In a similar fashion we have the commands “=MIN(A1; A5; A17)” and “=MAX(A1:A20)” and “=MAX(A1:F10)” for the miniima over the appropriate collections of cells.  Some spreadsheet applications include a command like “=RANGE(A1; A5; A17)” and “=RANGE(A1:A20)” and “=RANGE(A1:F10)” by which one can quickly identify the breadth of the data set, i.e. the difference between the maximum and the minimum.  Thus “=RANGE(A1:A20)” gives precisely the same value as “=MAX(A1:A20)-MIN(A1:A20)”. Pay attention to the commands generating the values in D1, D2, and D3 below.

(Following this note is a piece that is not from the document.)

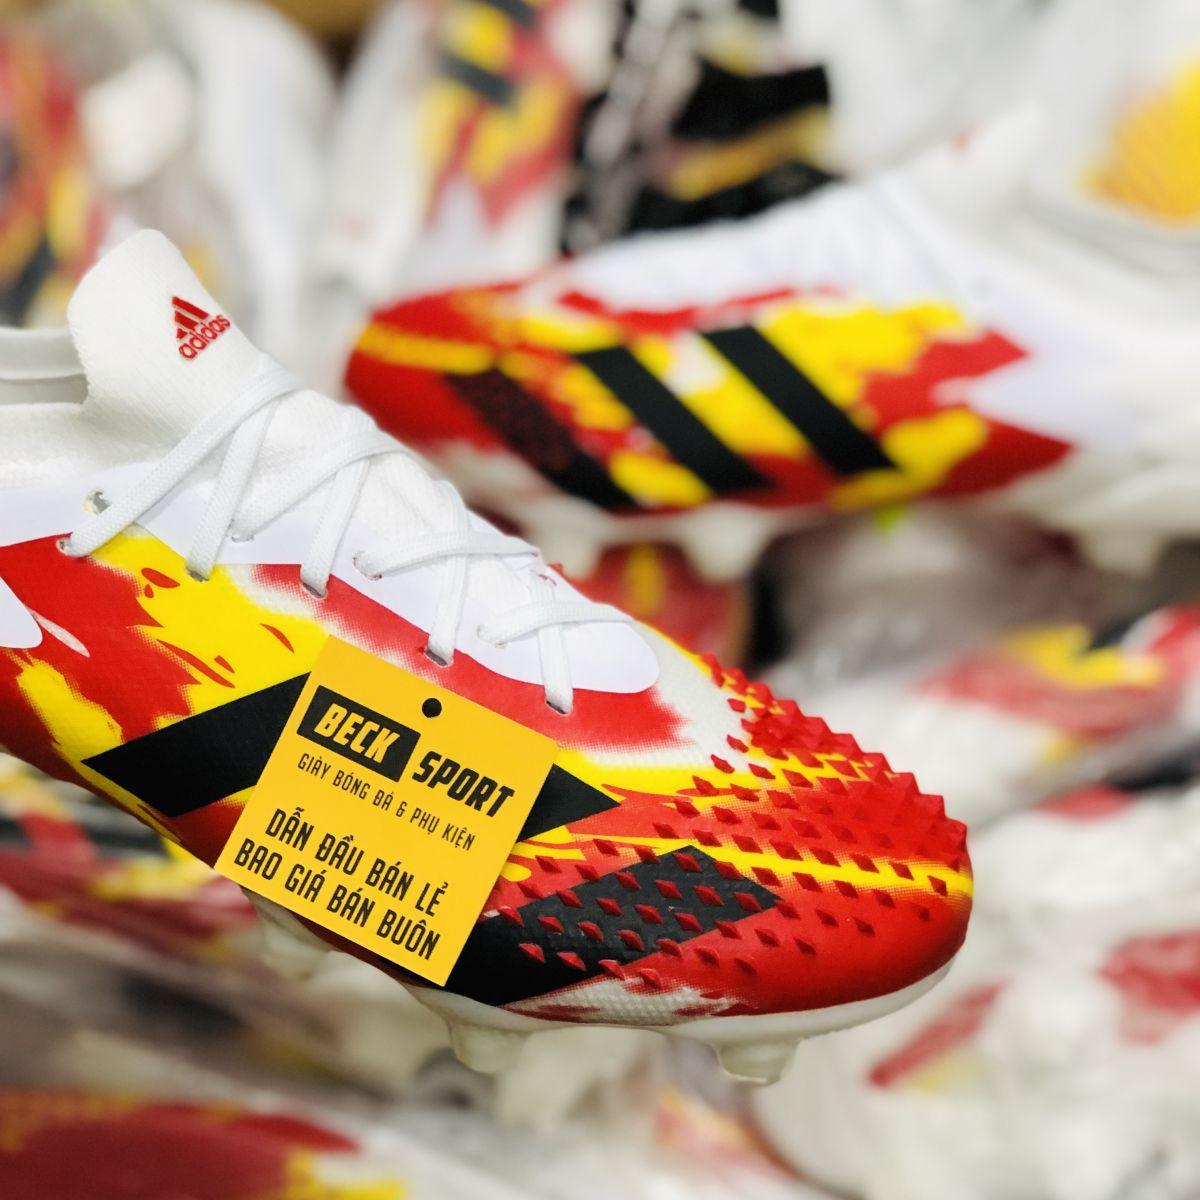 Giày Bóng Đá Adidas Predator 20.1 Uniforia Đỏ Vàng Gót Trắng Vạch Đen FG
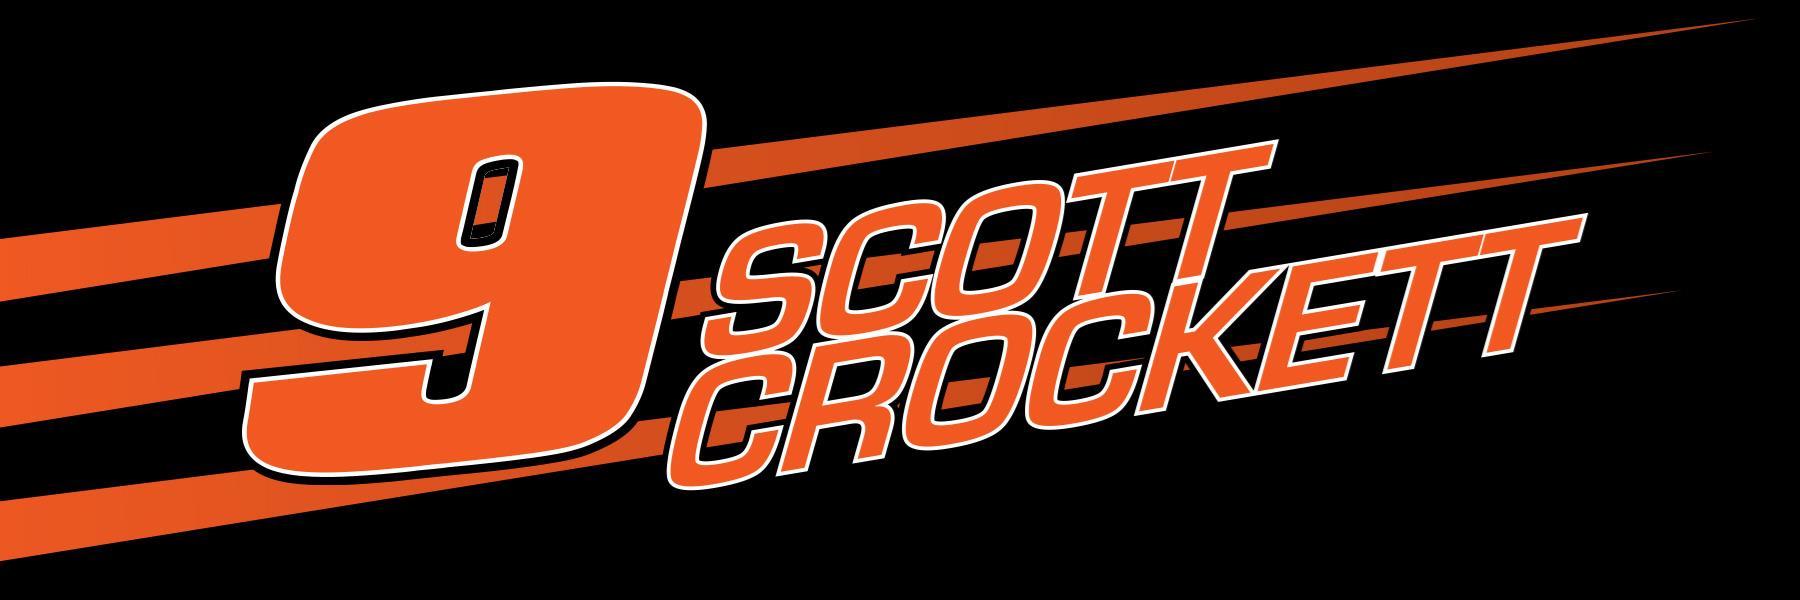 Scott Crockett

Click here to open a copy of this so you can experiment with it. You will need to be signed in to a Google account.

Given below are three commonly used descriptions of where the data values are centered: mean, median, and mode.  These differ from one another in terms of what they try to extract from a data set.

Mean

The mean of a set of numbers is the average.  That is, the sum of the numbers divided by how many there are.  In formula, if we have  $n$  data values   $\displaystyle{ x_1 }\,$ , $\,\displaystyle{ x_2 }\,$ , $\,\cdots\,$ , $\,\displaystyle{ x_n }\,$ , the mean is $$ \frac{x_1 + x_2 + \cdots x_n}{n} = \frac{\sum_{k=1}^n\, x_k}{n} \;\text{.} $$ This introduces the notation $\Sigma\,$ , which is a shorthand notation for a sum.  The notation  $\displaystyle{ \sum_{k=1}^n\, x_k }$ here should be read as meaning the sum of the numbers  $\displaystyle{ x_k }$ as  $k$   goes from $1$  to   $n\;$ .  This notation will recur and should not be ignored here.

Example: Find the mean of the values  $4\,$ , $\, 1\,$ , $\, 4\,$ , $\, 5\,$ , $\, 2\,$ , $\, 6\,$ , $\, 6\,$ , $\, 1\,$ , $\, 3\,$ , $\, 1$ obtained on rolling a die ten times.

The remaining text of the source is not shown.